The "dot" tool in Graphviz produces layered drawings. A layered graph drawing algorithm is also included in Microsoft Automatic Graph Layout and in Tulip.

==Variations==
Although typically drawn with vertices in rows and edges proceeding from top to bottom, layered graph drawing algorithms may instead be drawn with vertices in columns and edges proceeding from left to right. The same algorithmic framework has also been applied to radial layouts in which the graphs are arranged in concentric circles around some starting node and to three-dimensional layered drawings of graphs.

In layered graph drawings with many long edges, edge clutter may be reduced by grouping sets of edges into bundles and routing them together through the same set of dummy vertices. Similarly, for drawings with many edges crossing between pairs of consecutive layers, the edges in maximal bipartite subgraphs may be grouped into confluent bundles.

Drawings in which the vertices are arranged in layers may be constructed by algorithms that do not follow Sugiyama's framework. For instance, it is possible to tell whether an undirected graph has a drawing with at most k crossings, using h layers, in an amount of time that is polynomial for any fixed choice of k and h, using the fact that the graphs that have drawings of this type have bounded pathwidth.

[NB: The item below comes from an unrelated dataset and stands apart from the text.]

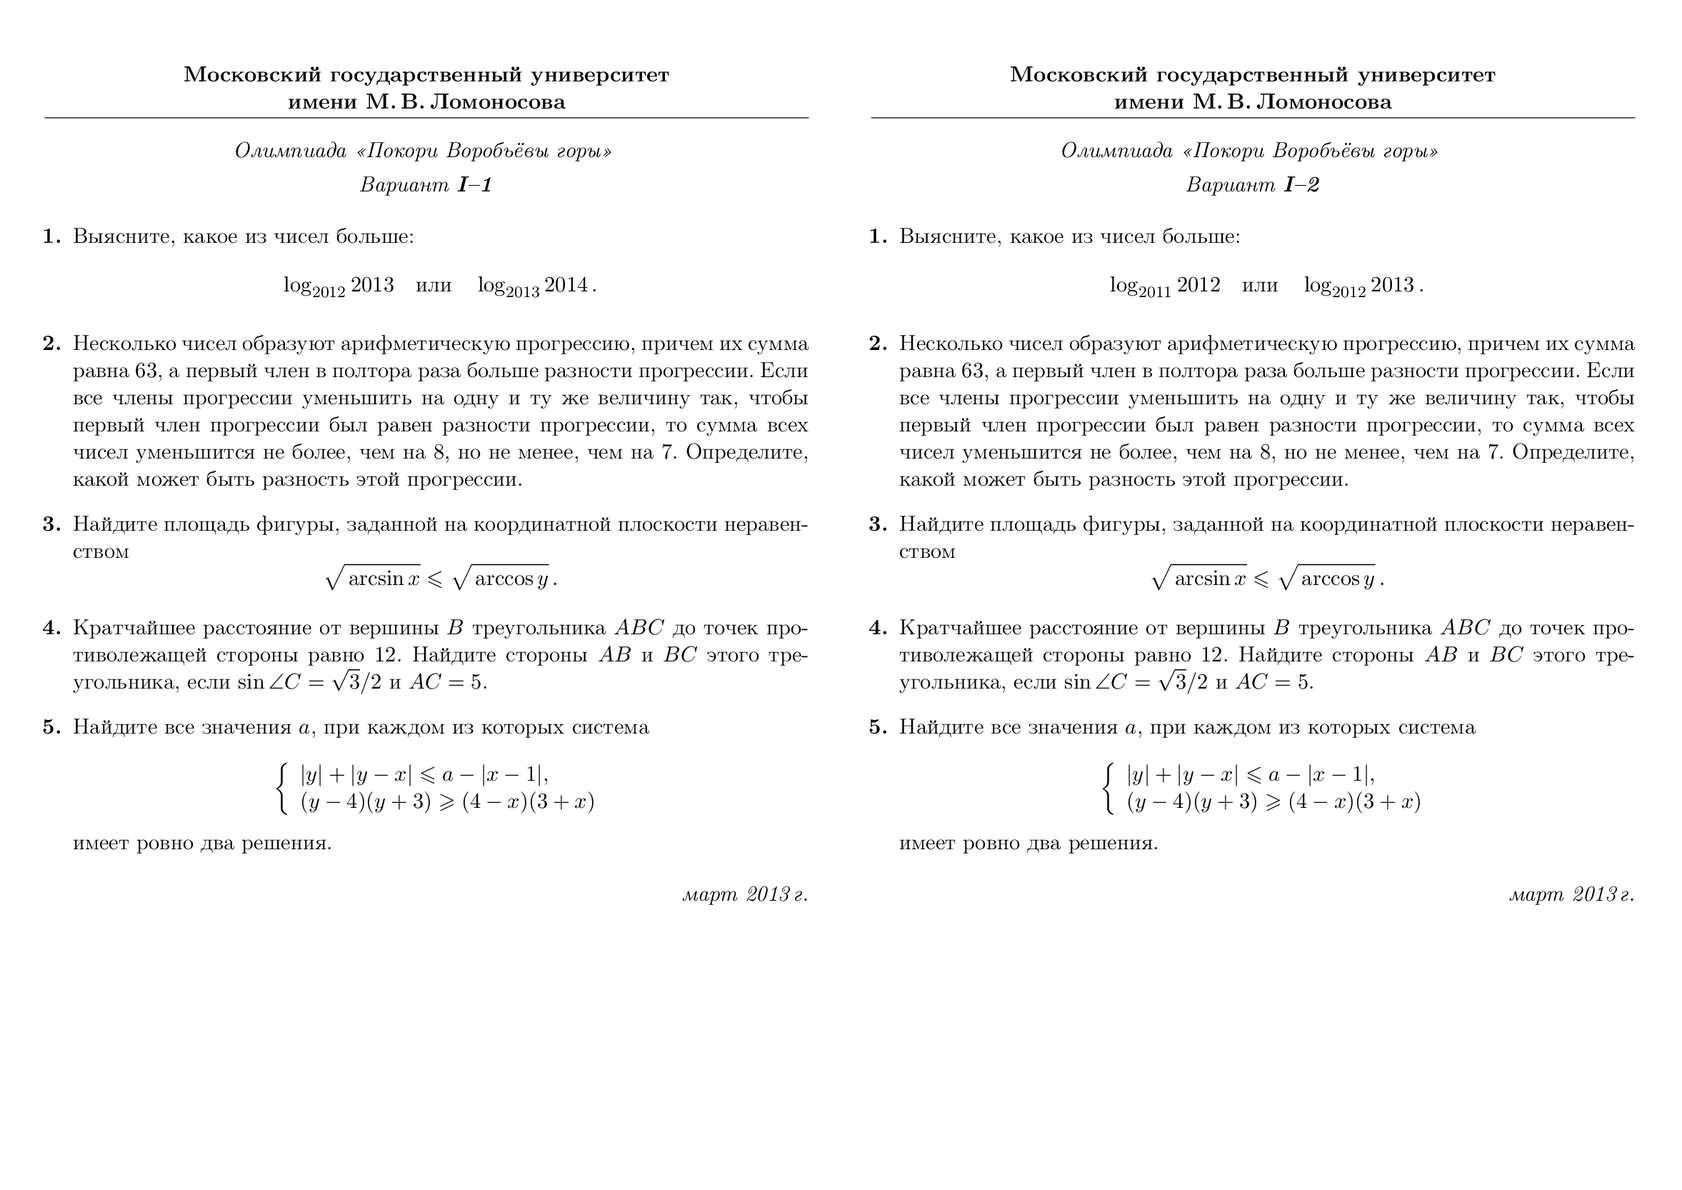 Задания и ответы  заключительного тура 2012-2013 года для 10-11 классов

For layered drawings of concept lattices, a hybrid approach combining Sugiyama's framework with additive methods (in which each vertex represents a set and the position of the vertex is a sum of vectors representing elements in the set) may be used. In this hybrid approach, the vertex permutation and coordinate assignment phases of the algorithm are replaced by a single phase in which the horizontal position of each vertex is chosen as a sum of scalars representing the elements for that vertex.
Layered graph drawing methods have also been used to provide an initial placement for force-directed graph drawing algorithms.